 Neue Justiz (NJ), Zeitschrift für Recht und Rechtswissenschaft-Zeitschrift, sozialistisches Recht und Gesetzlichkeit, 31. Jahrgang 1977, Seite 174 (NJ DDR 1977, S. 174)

^^^^^^^^^^^^^^^^

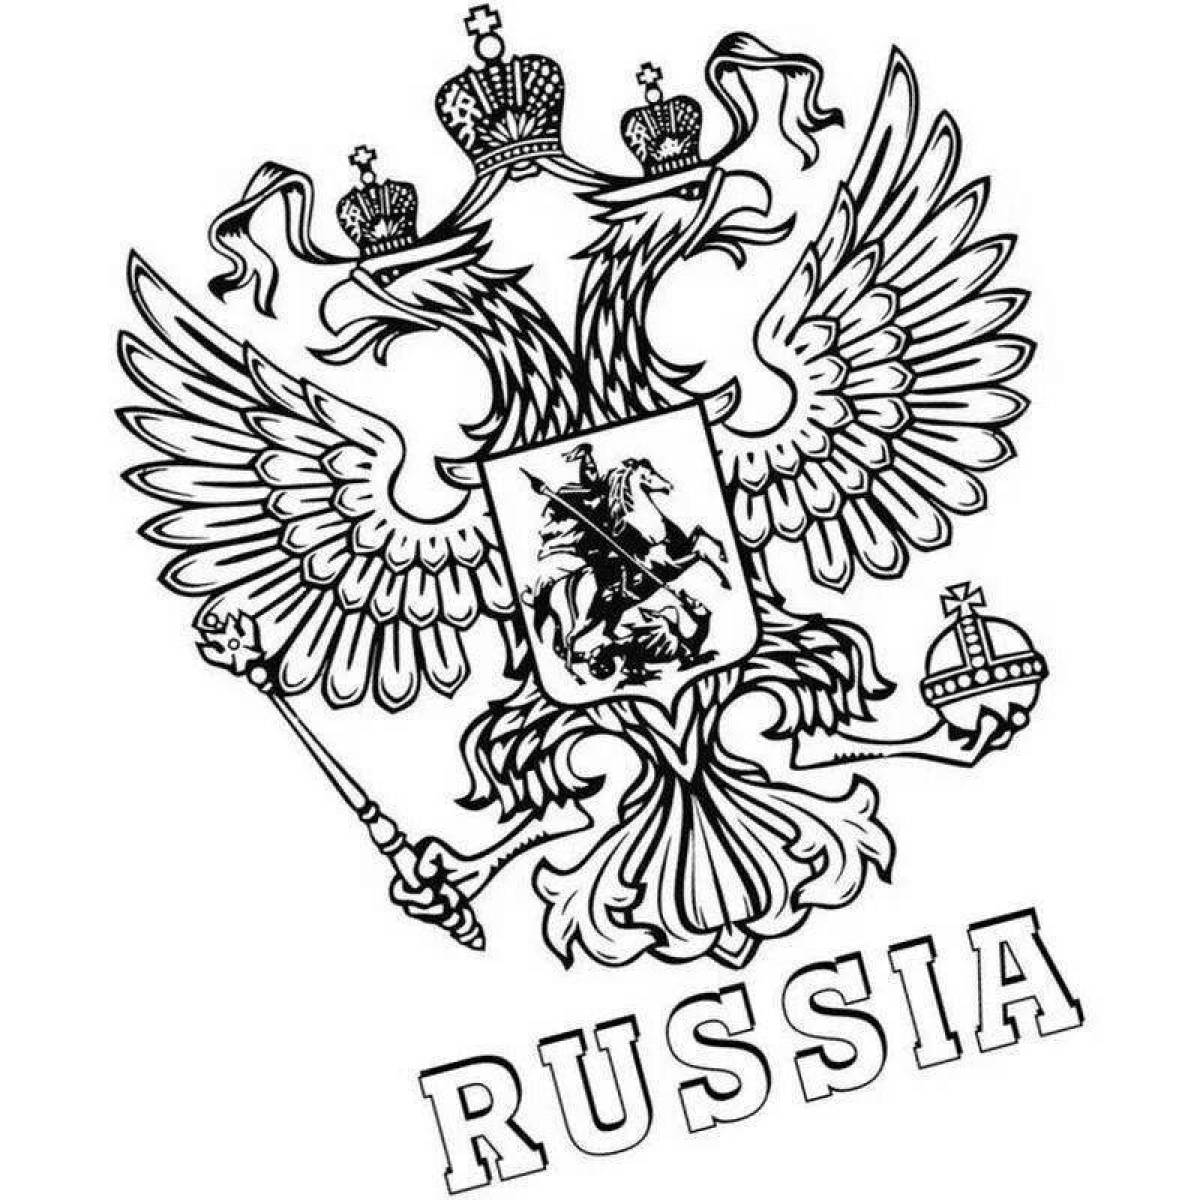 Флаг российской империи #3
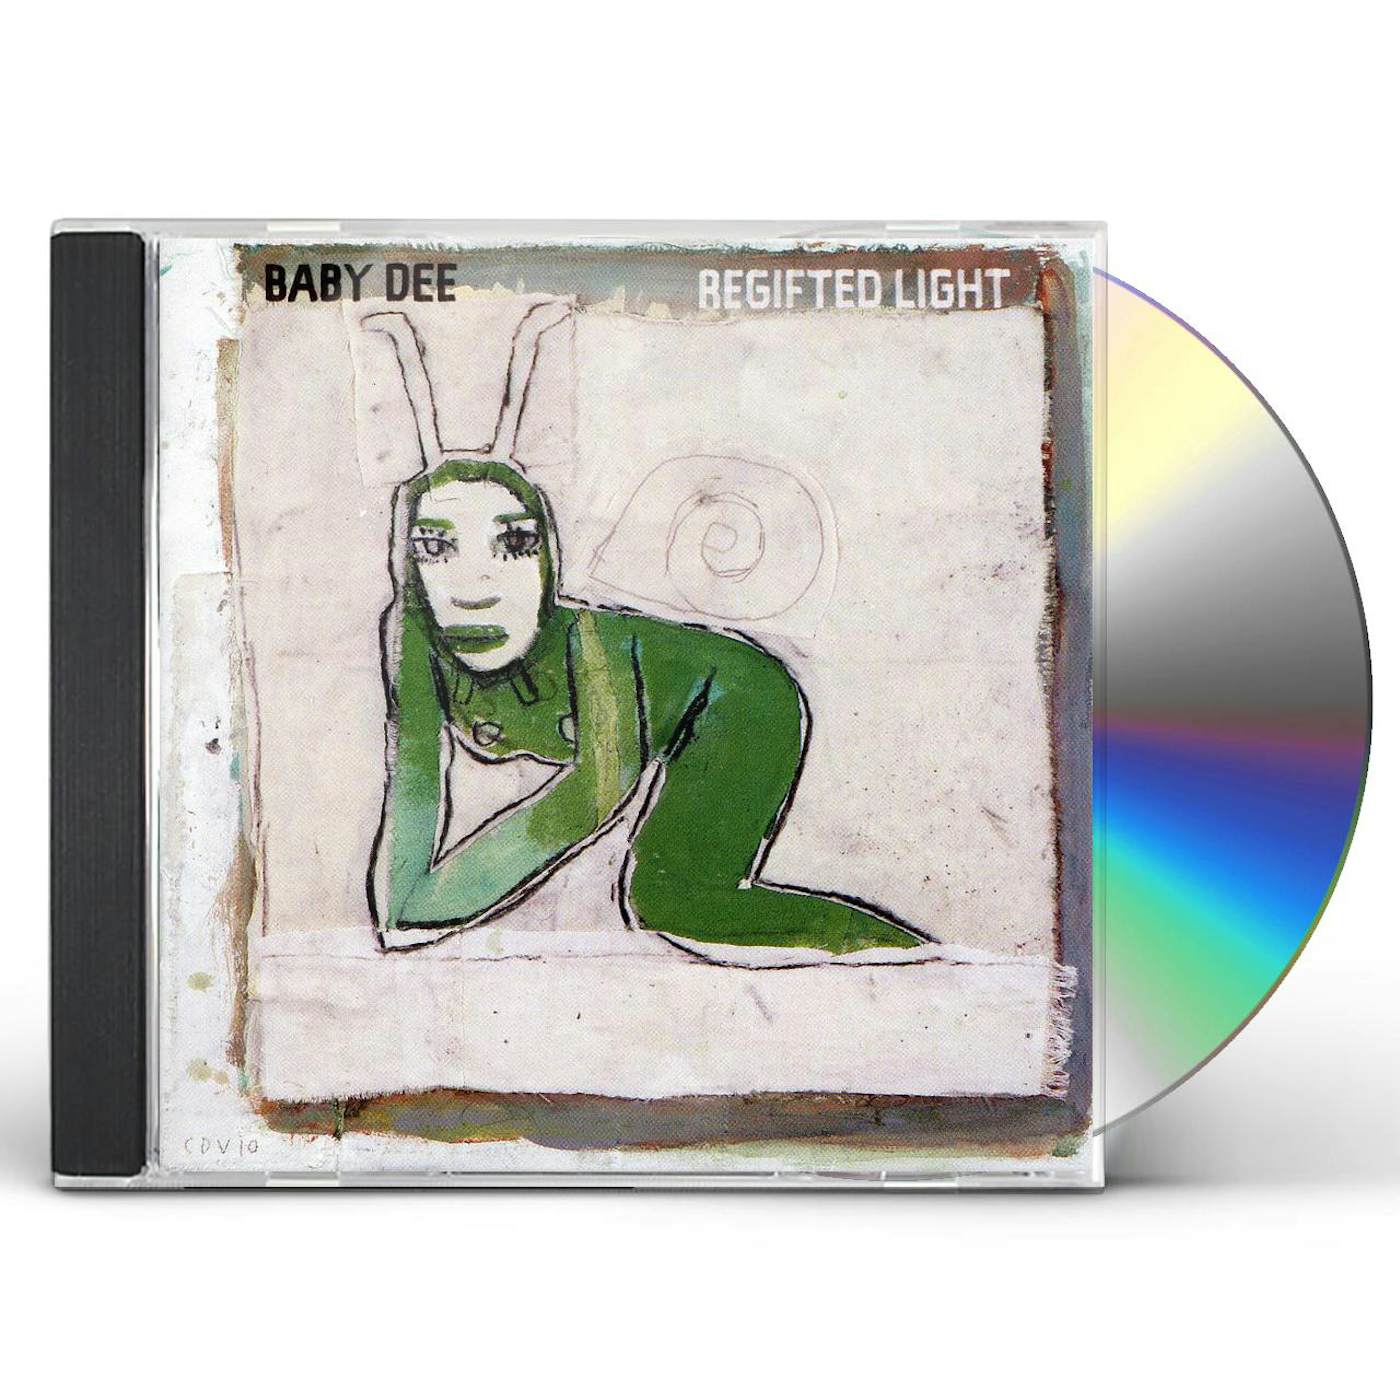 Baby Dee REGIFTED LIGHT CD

^^^^^^^^^^^^^^^^

Problem:
Taking the records above, print only and exactly the lines from the line with "Флаг российской империи #3" to the line with "Baby Dee REGIFTED LIGHT CD", both kept, and exclude pictures.

Answer to the problem:
 Флаг российской империи #3
 Baby Dee REGIFTED LIGHT CD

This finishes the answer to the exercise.